:: Recorded data ::

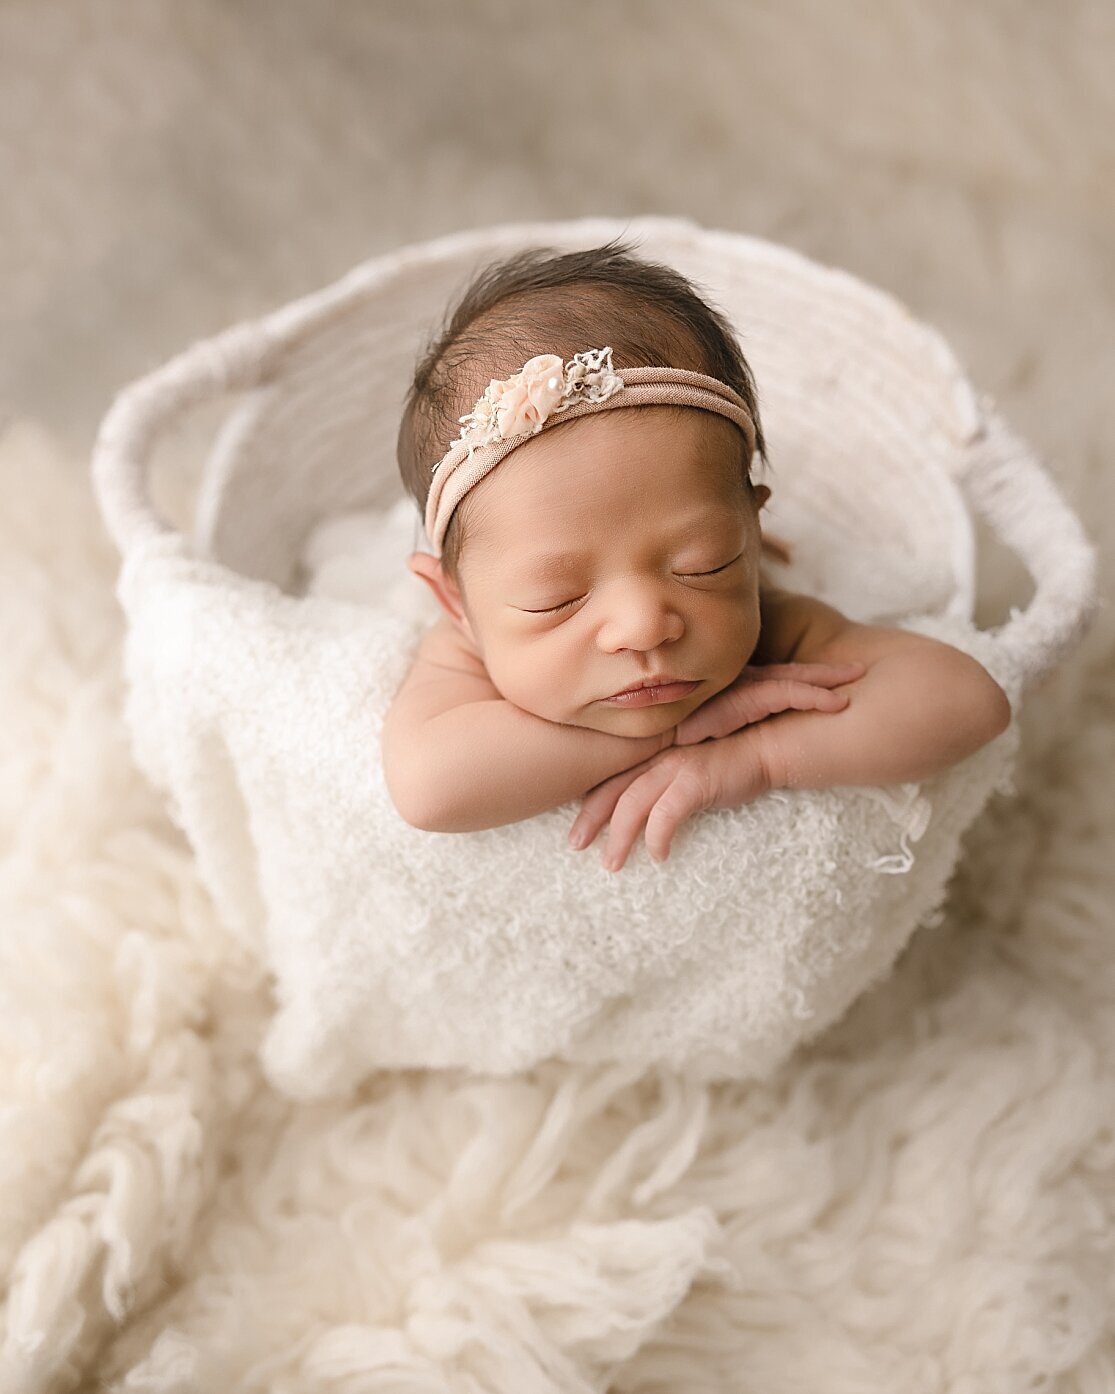 baby girl sleeping in white bucket for newborn pictures in hillsboro oregon
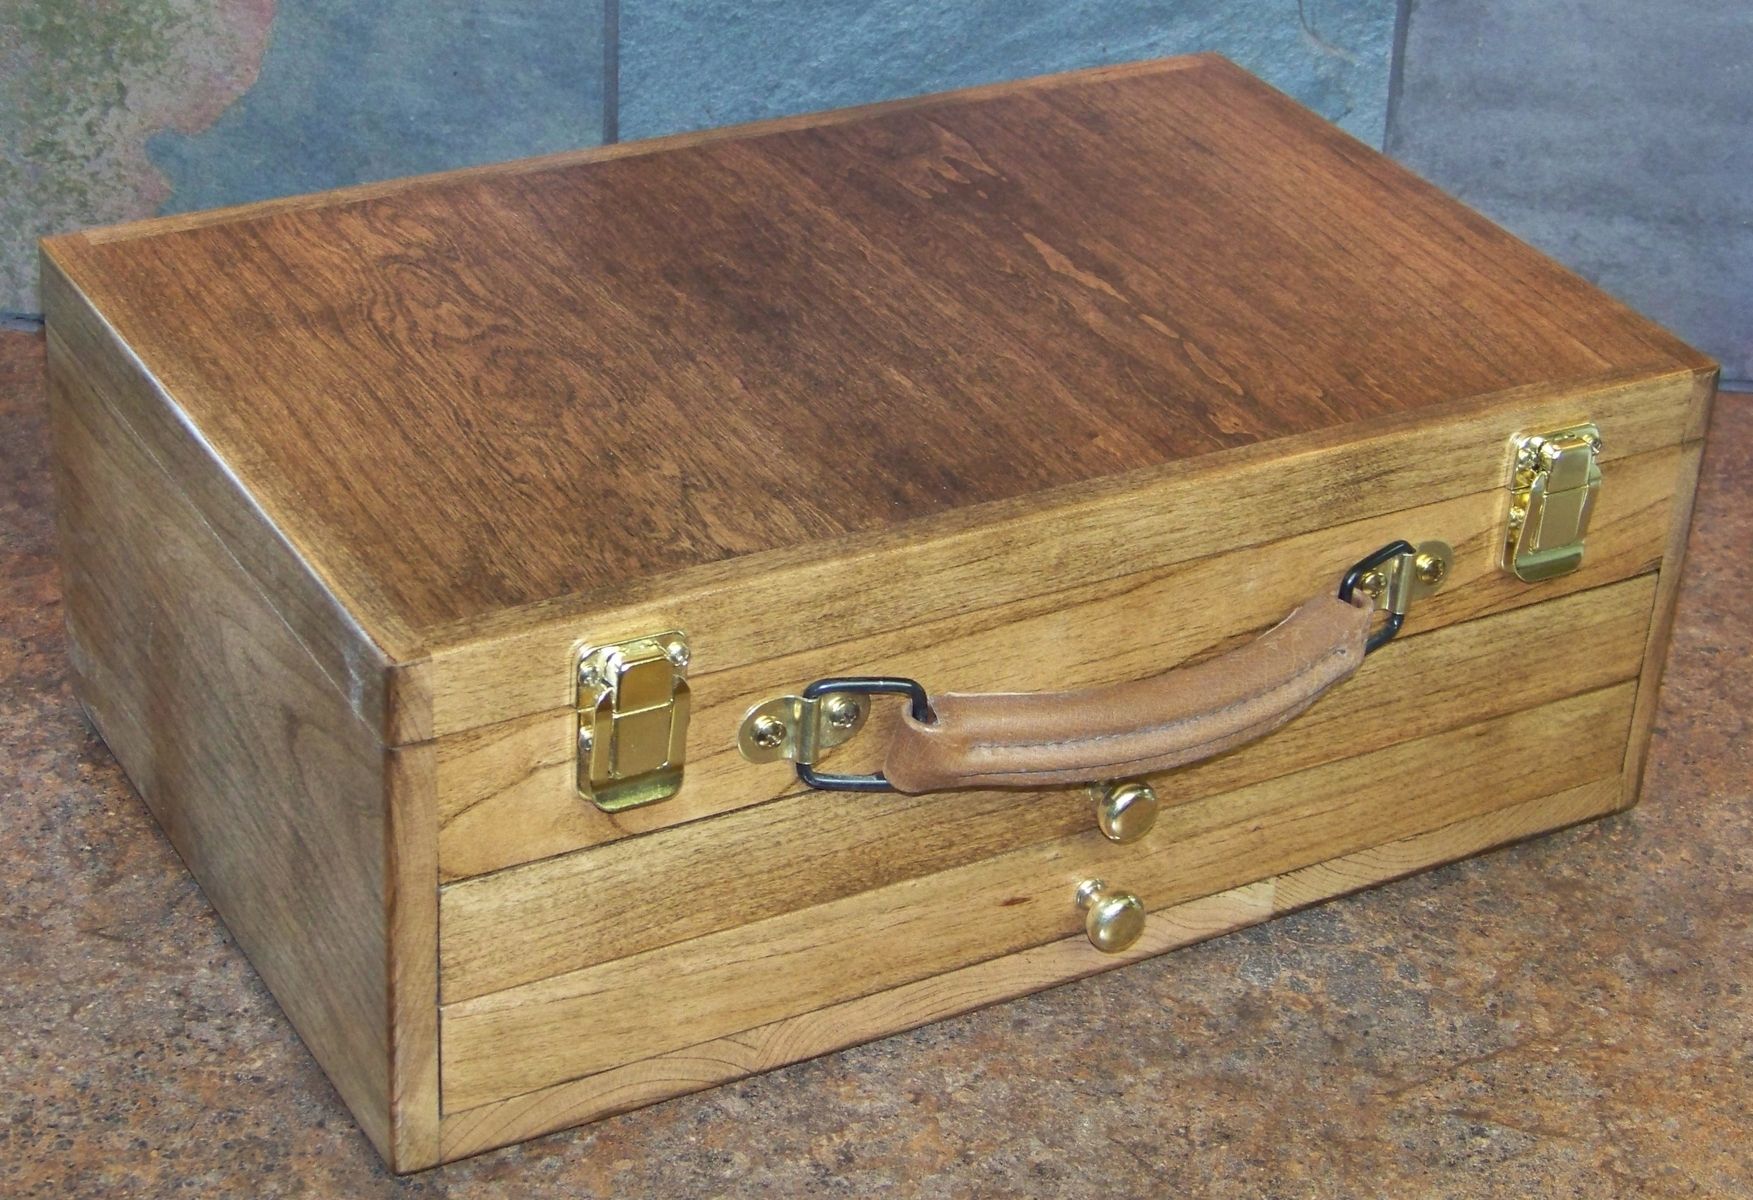 Custom Made Wooden Art Box by Palmer Union Design
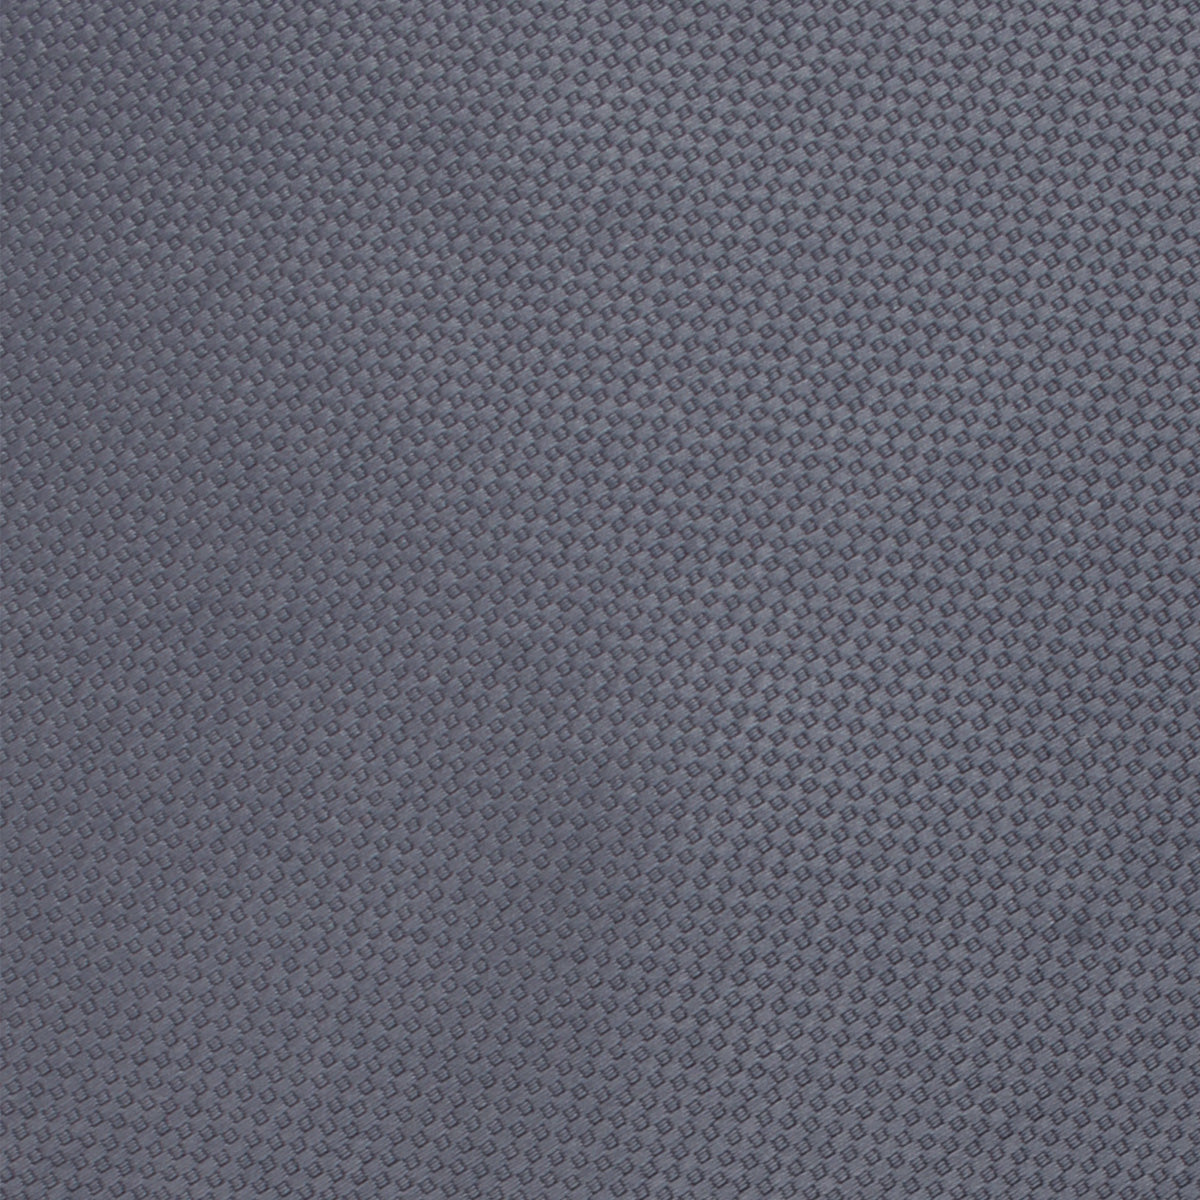 Slate Grey Charcoal Basket Weave Self Bow Tie Fabric
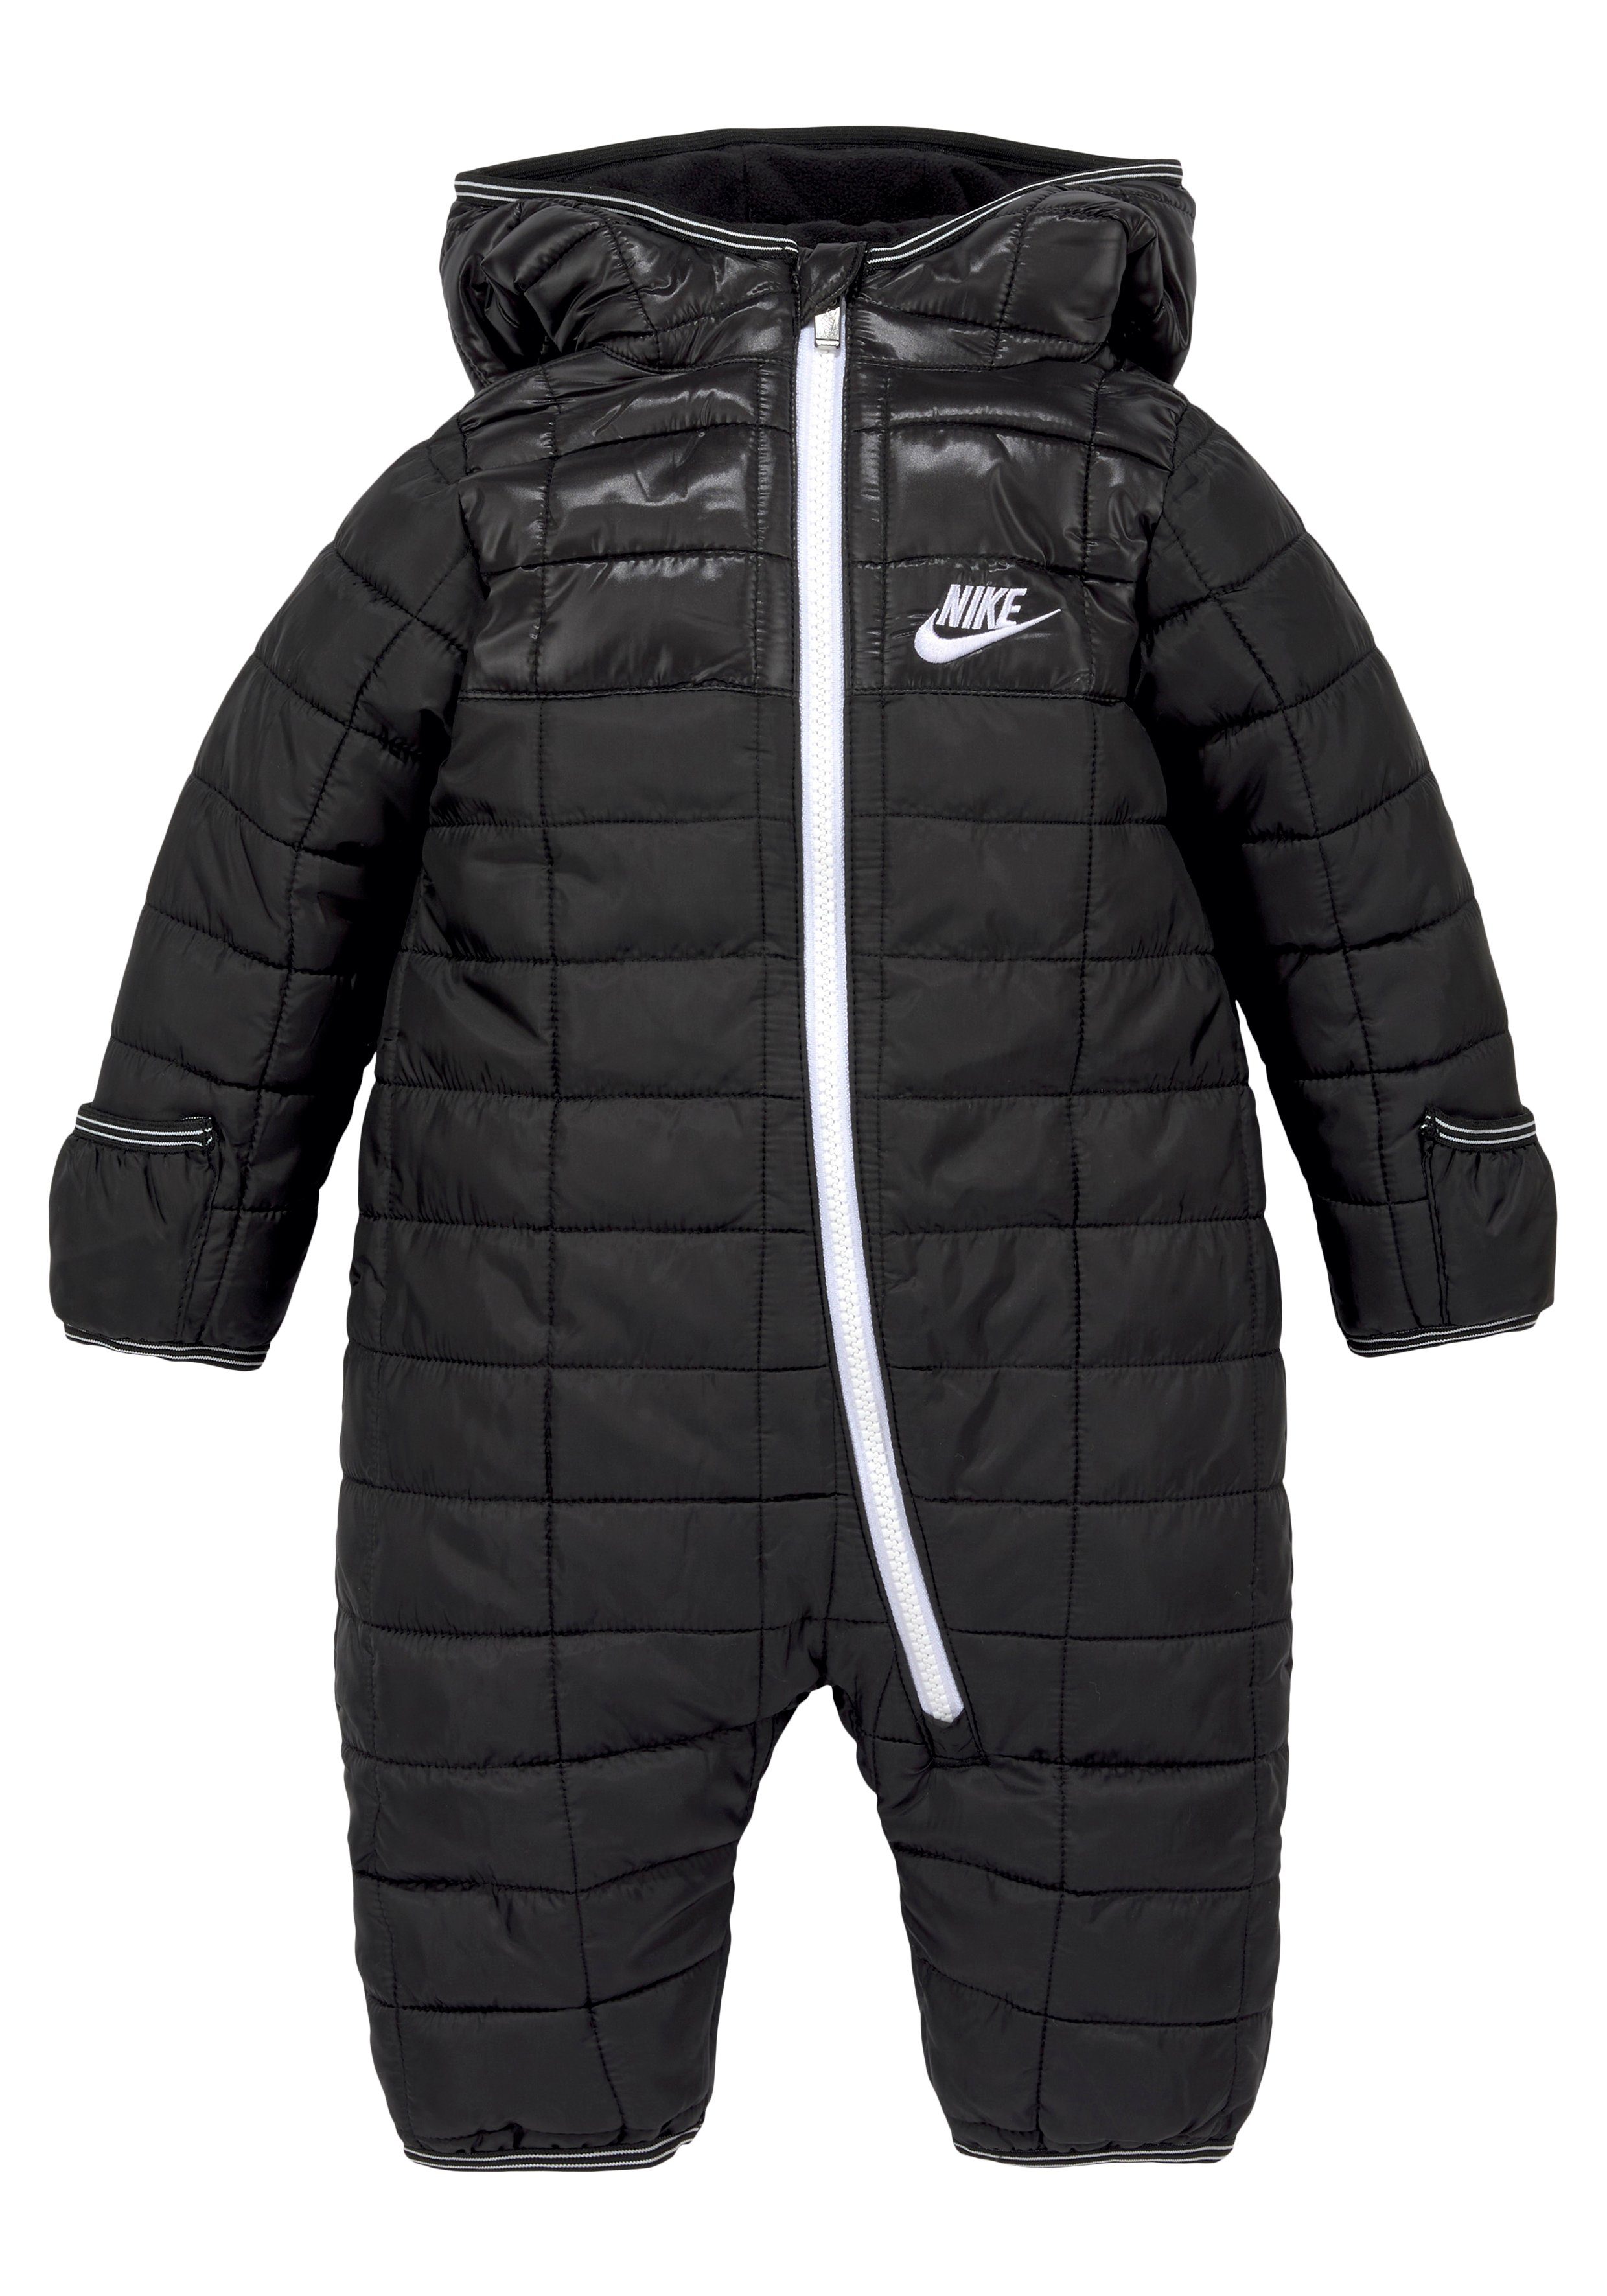 Schneeoverall COLORBLOCK Sportswear SNOWSUIT Nike schwarz

:::

Instructions for the task: Every line from the line containing "Slate Grey Charcoal" through the last line above is to be printed exactly. Pictures are not copied.

Answer space:
 Slate Grey Charcoal Basket Weave Self Bow Tie Fabric
 Schneeoverall COLORBLOCK Sportswear SNOWSUIT Nike schwarz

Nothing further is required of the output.